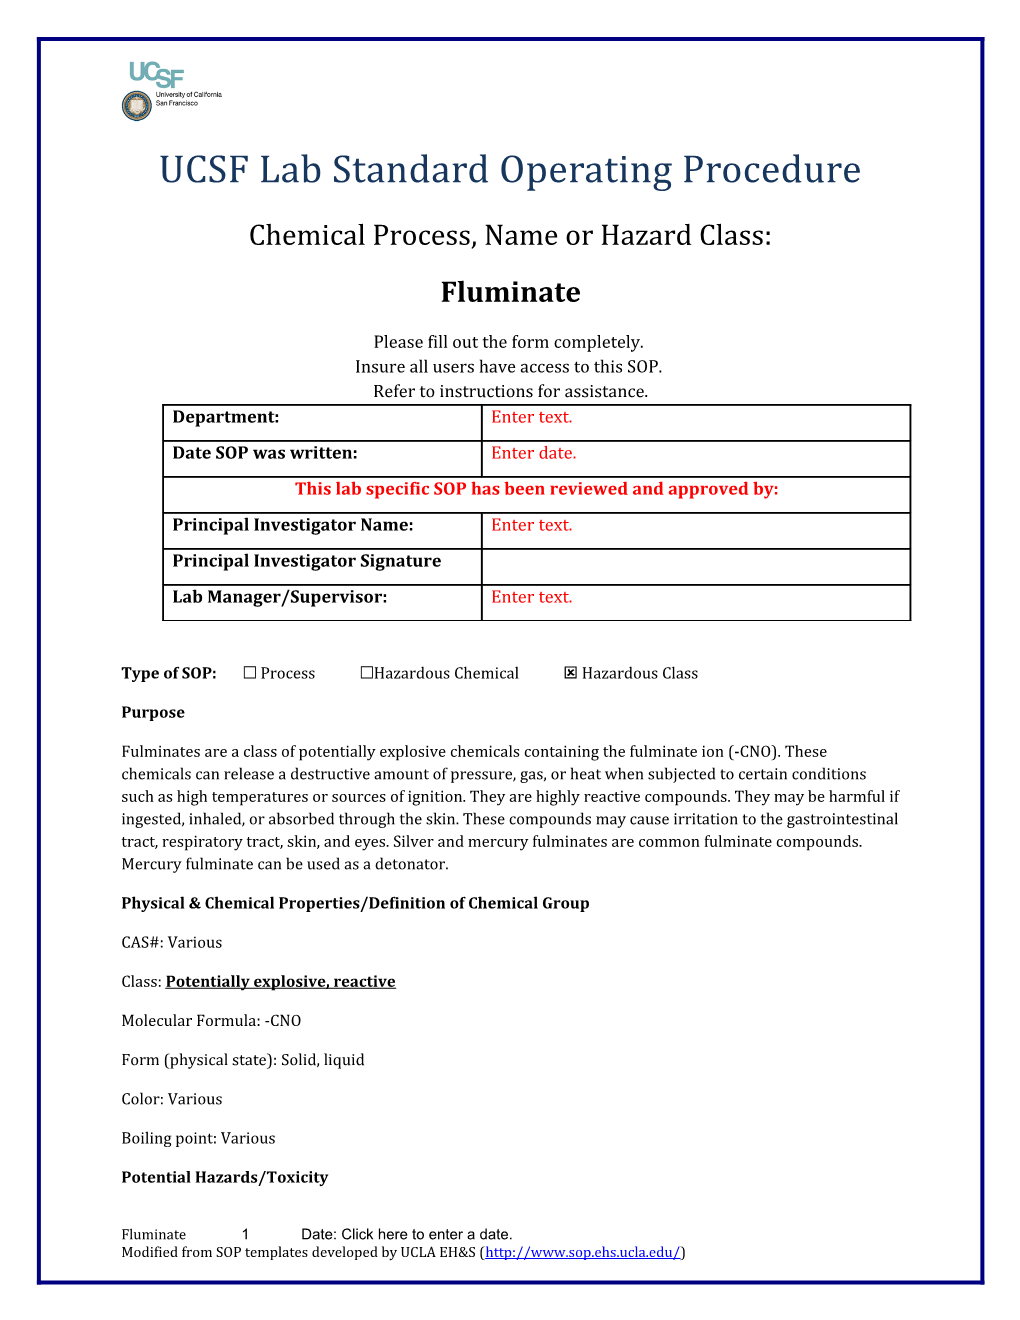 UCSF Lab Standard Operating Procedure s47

--

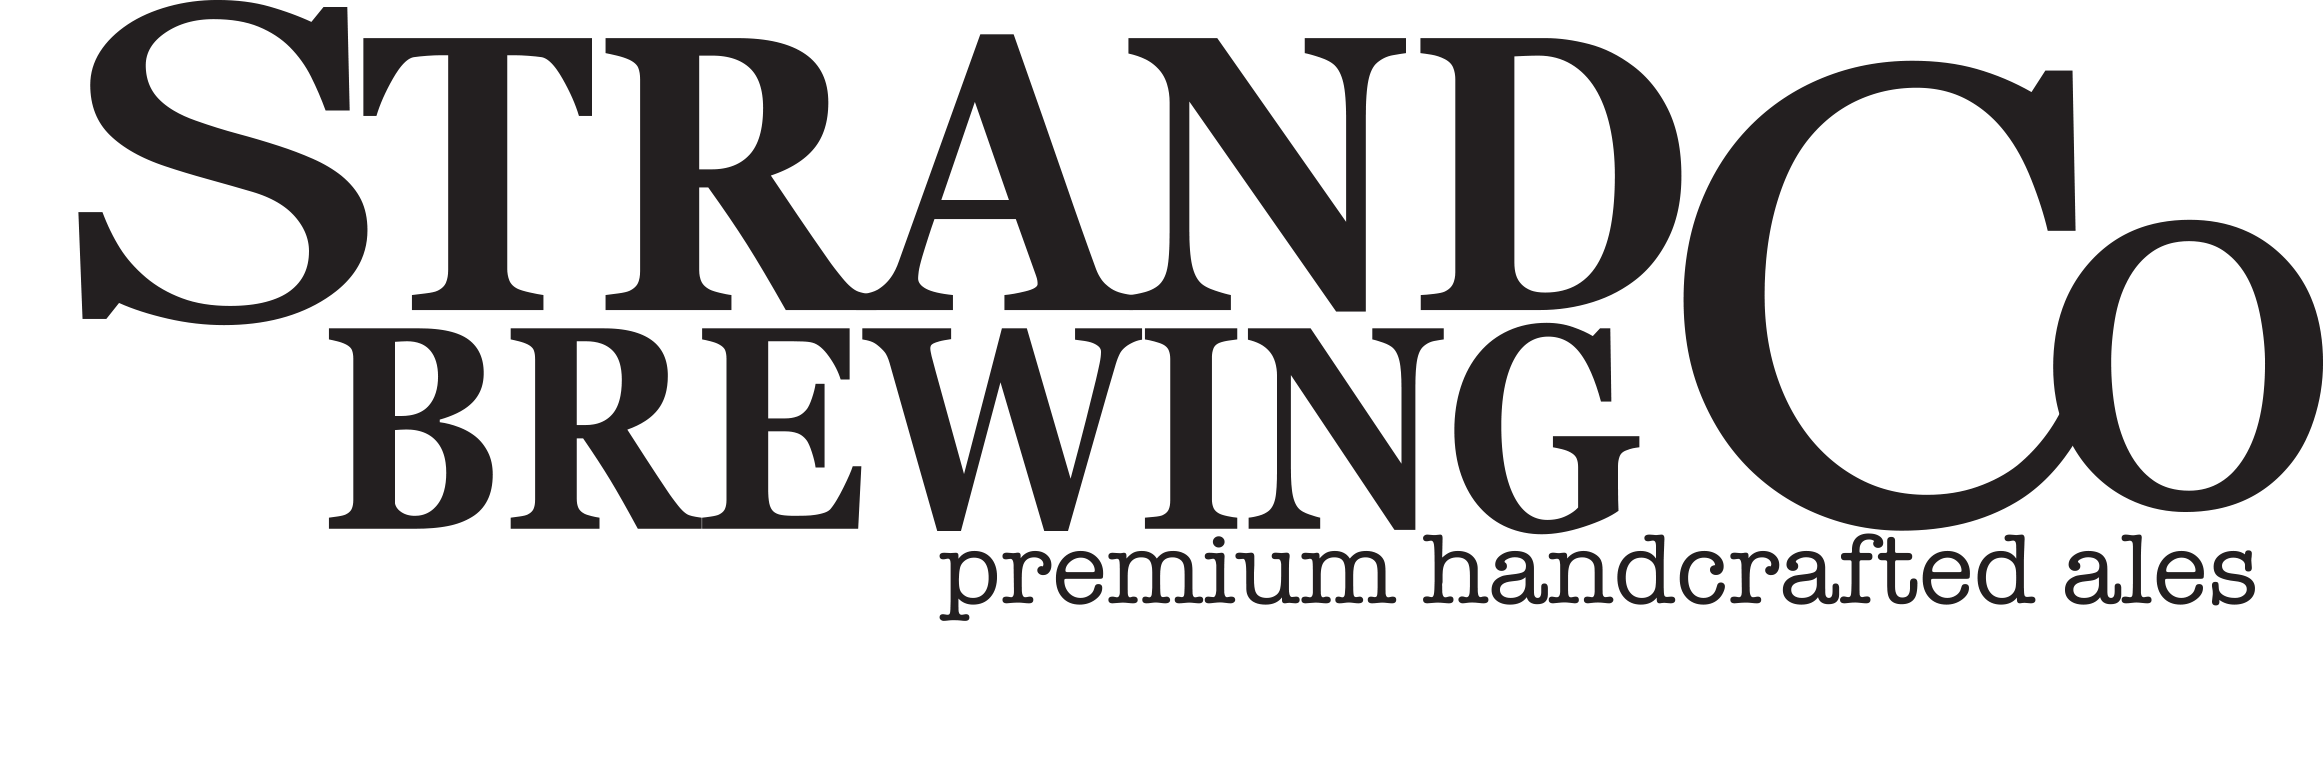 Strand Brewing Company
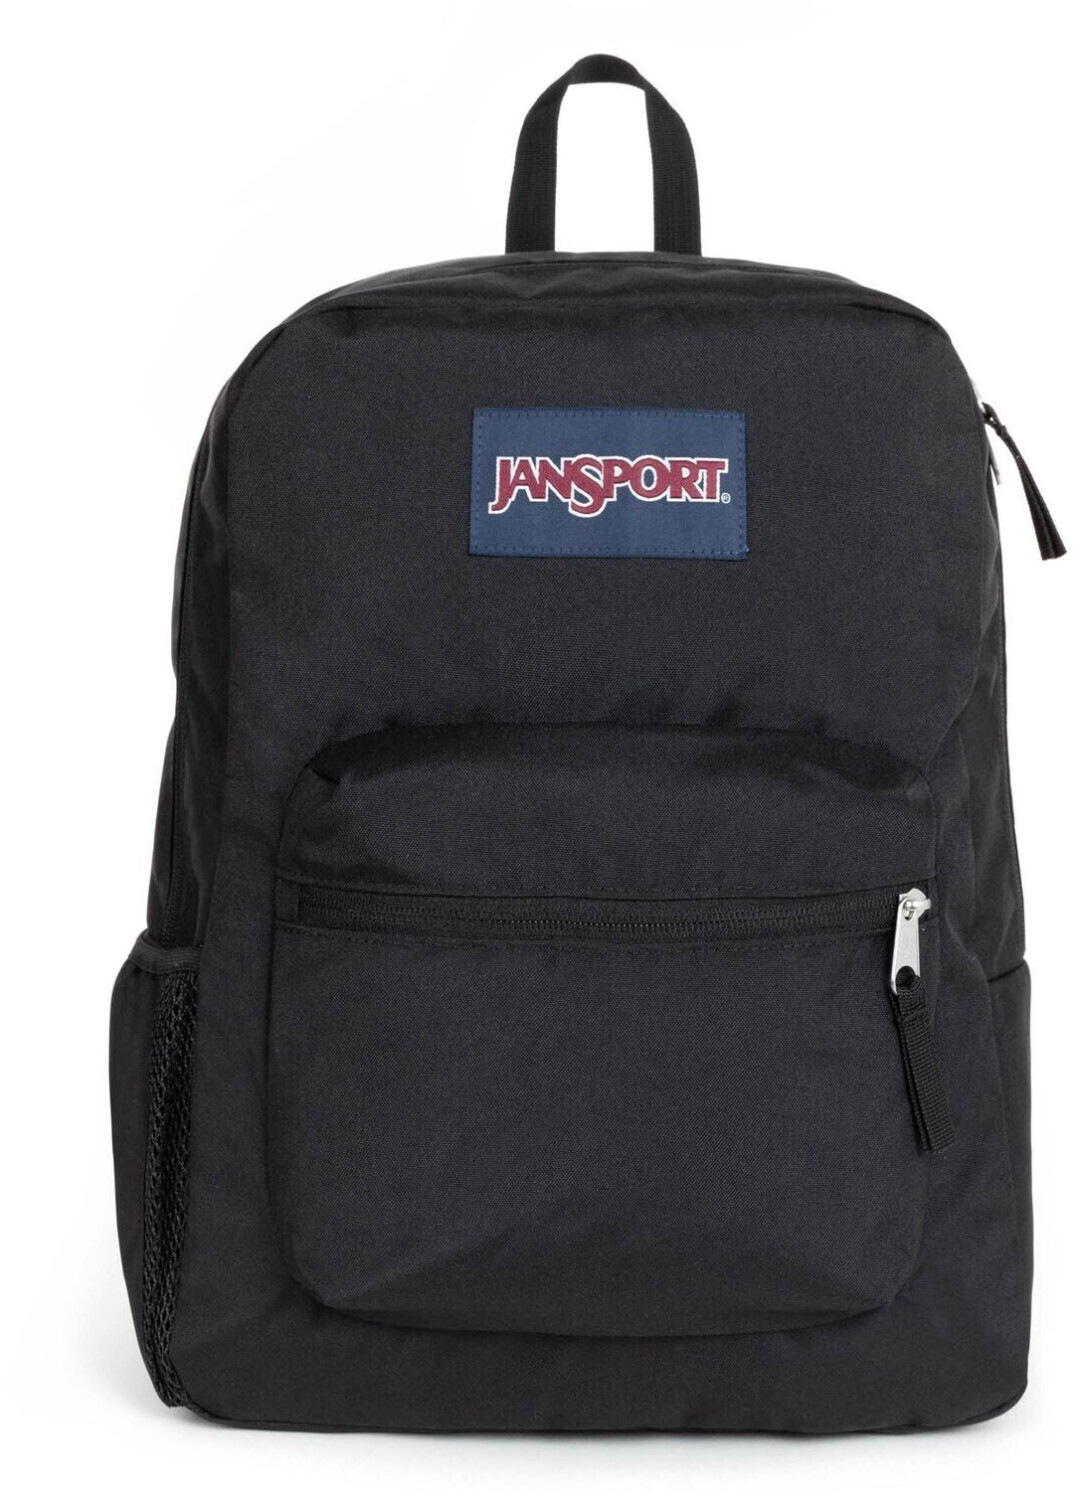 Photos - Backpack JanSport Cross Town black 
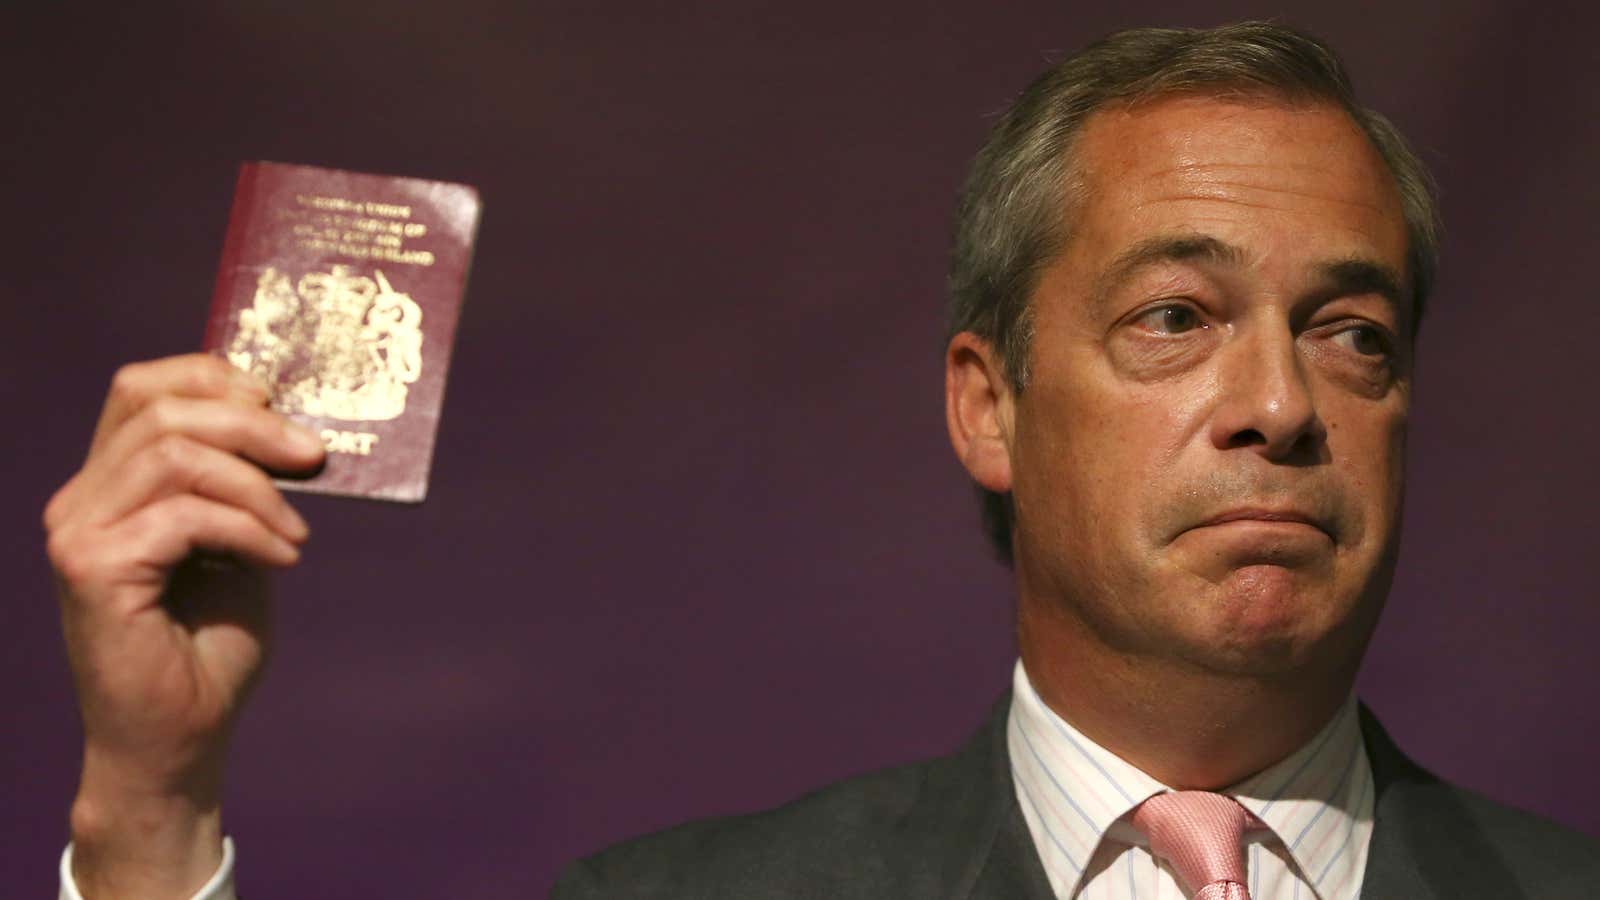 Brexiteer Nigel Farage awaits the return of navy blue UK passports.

---

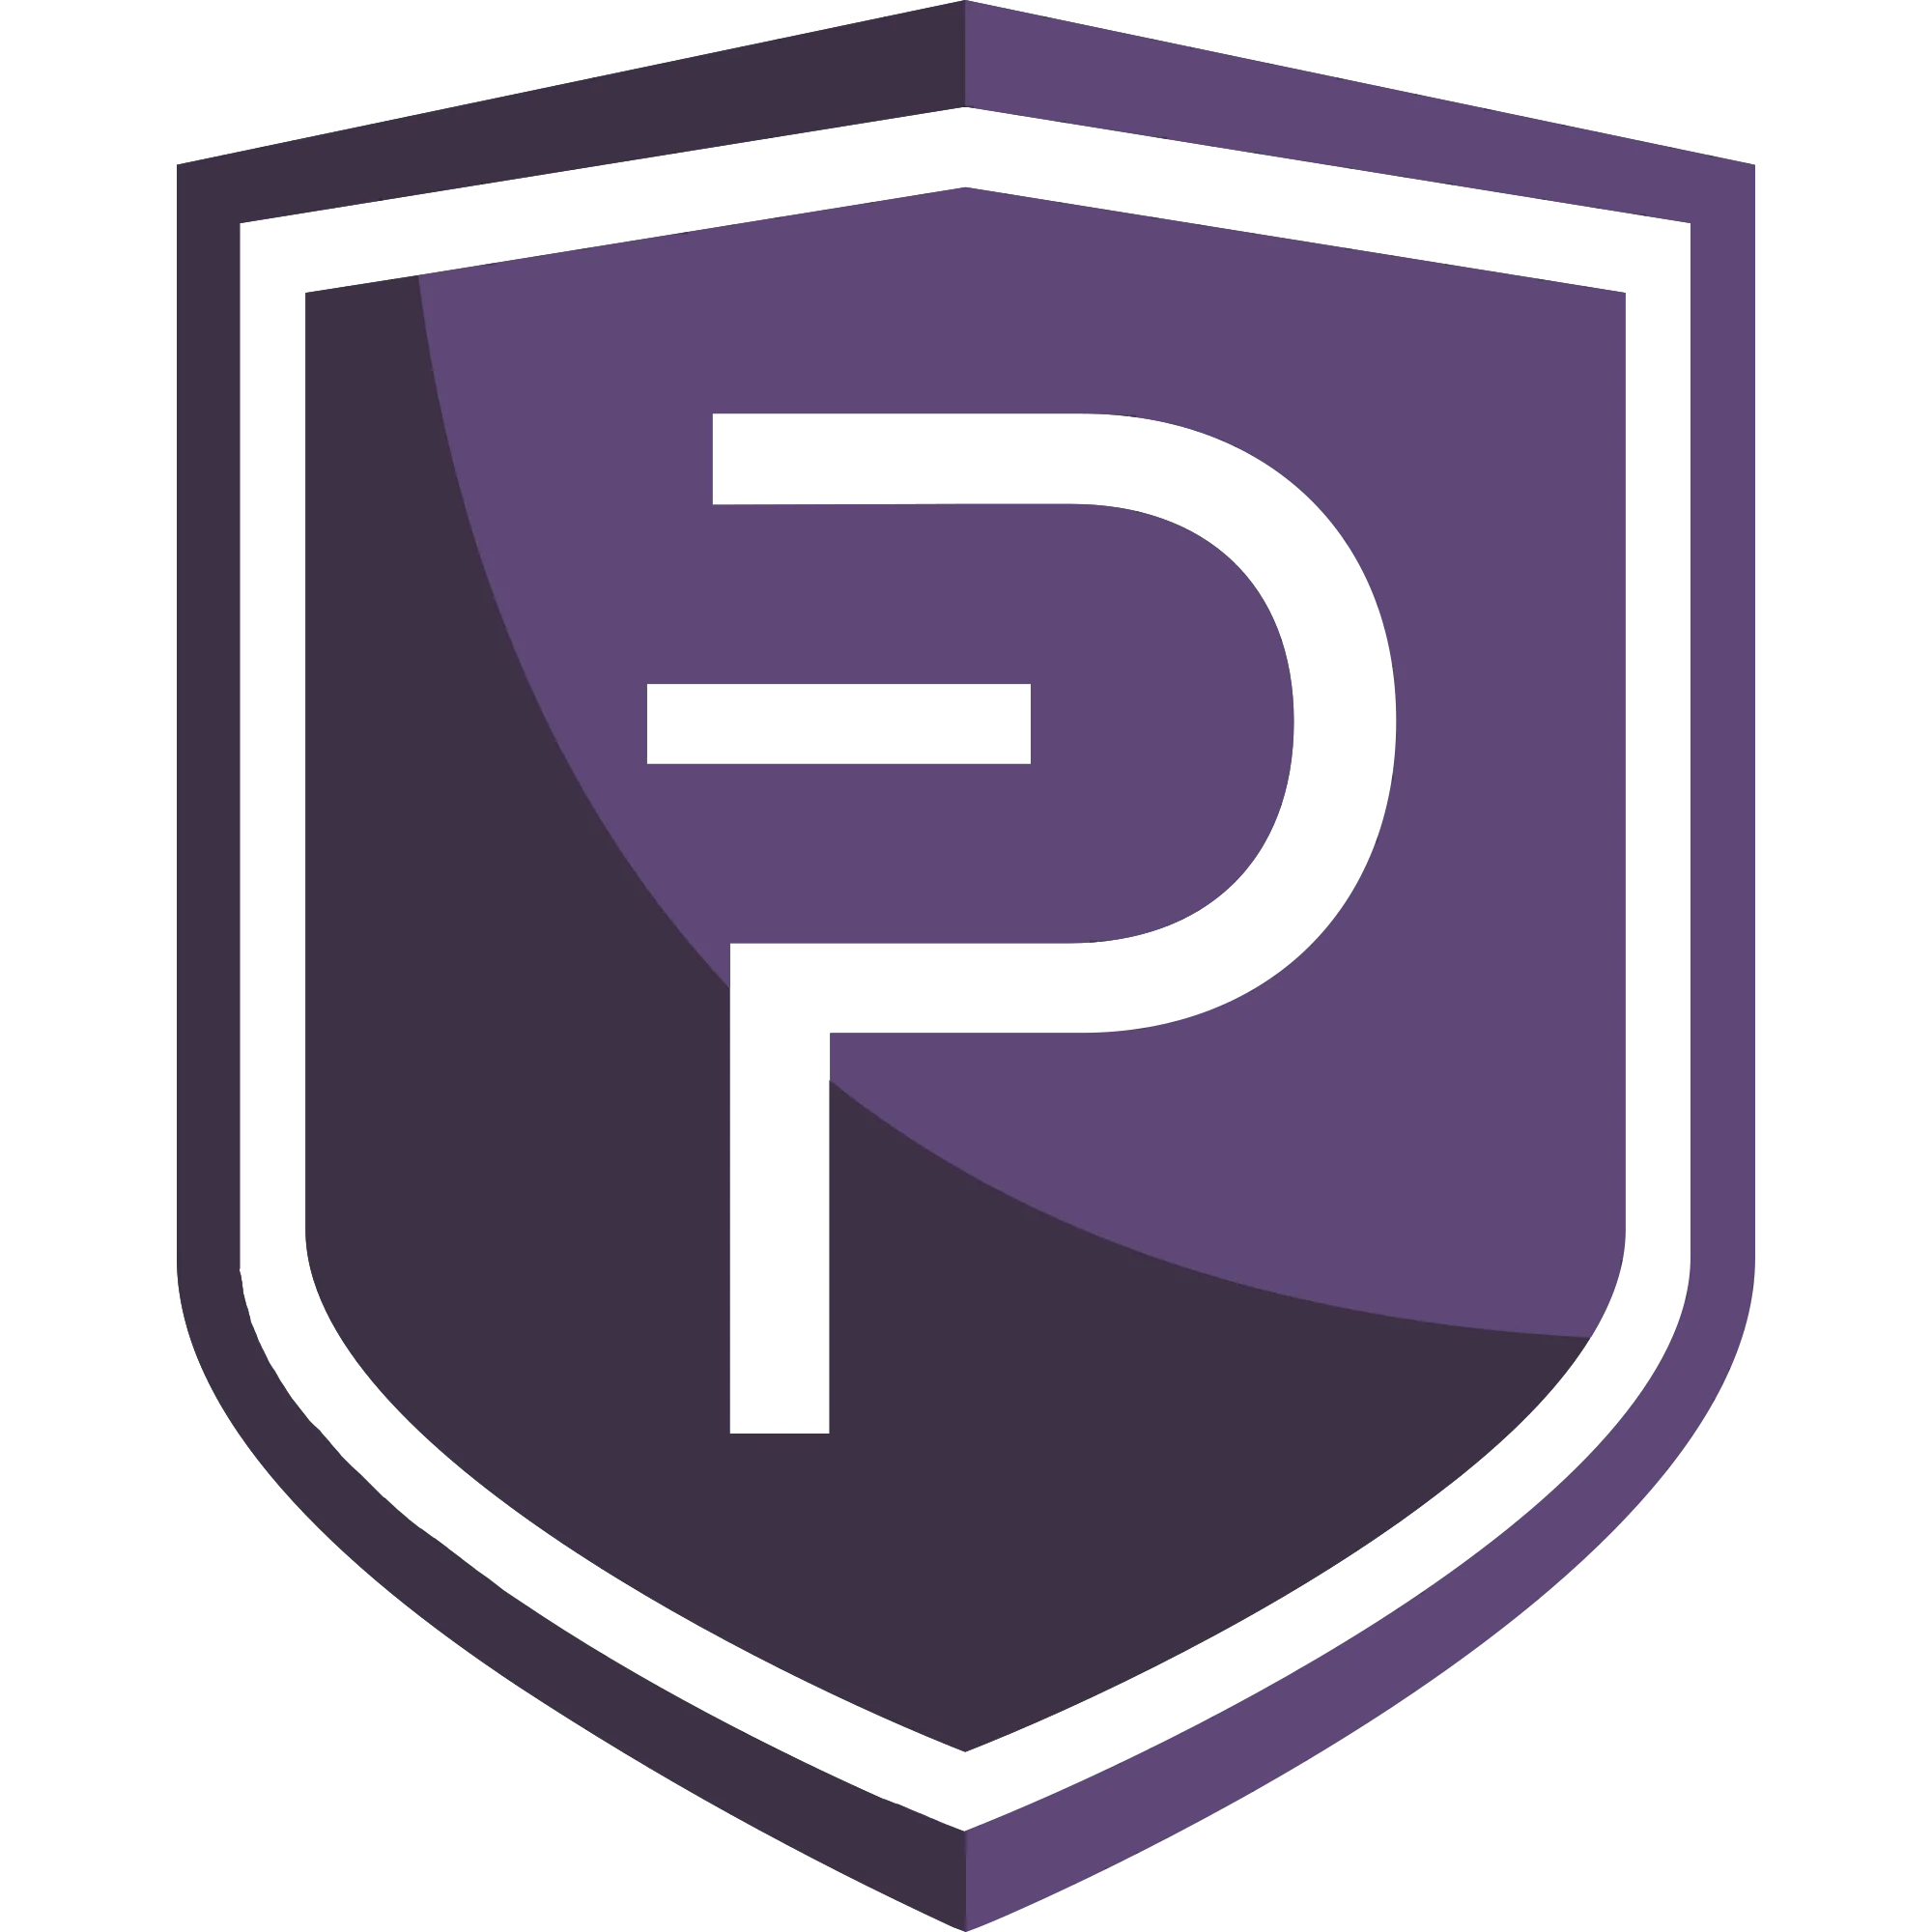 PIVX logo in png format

What is expected
The answer is those lines of the material above that run from the one containing "Strand Brewing Company" up to and including the one containing "Brexiteer Nigel Farage", restated exactly and without images.

Written answer
 Strand Brewing Company
 Photos - Backpack JanSport Cross Town black 
 Brexiteer Nigel Farage awaits the return of navy blue UK passports.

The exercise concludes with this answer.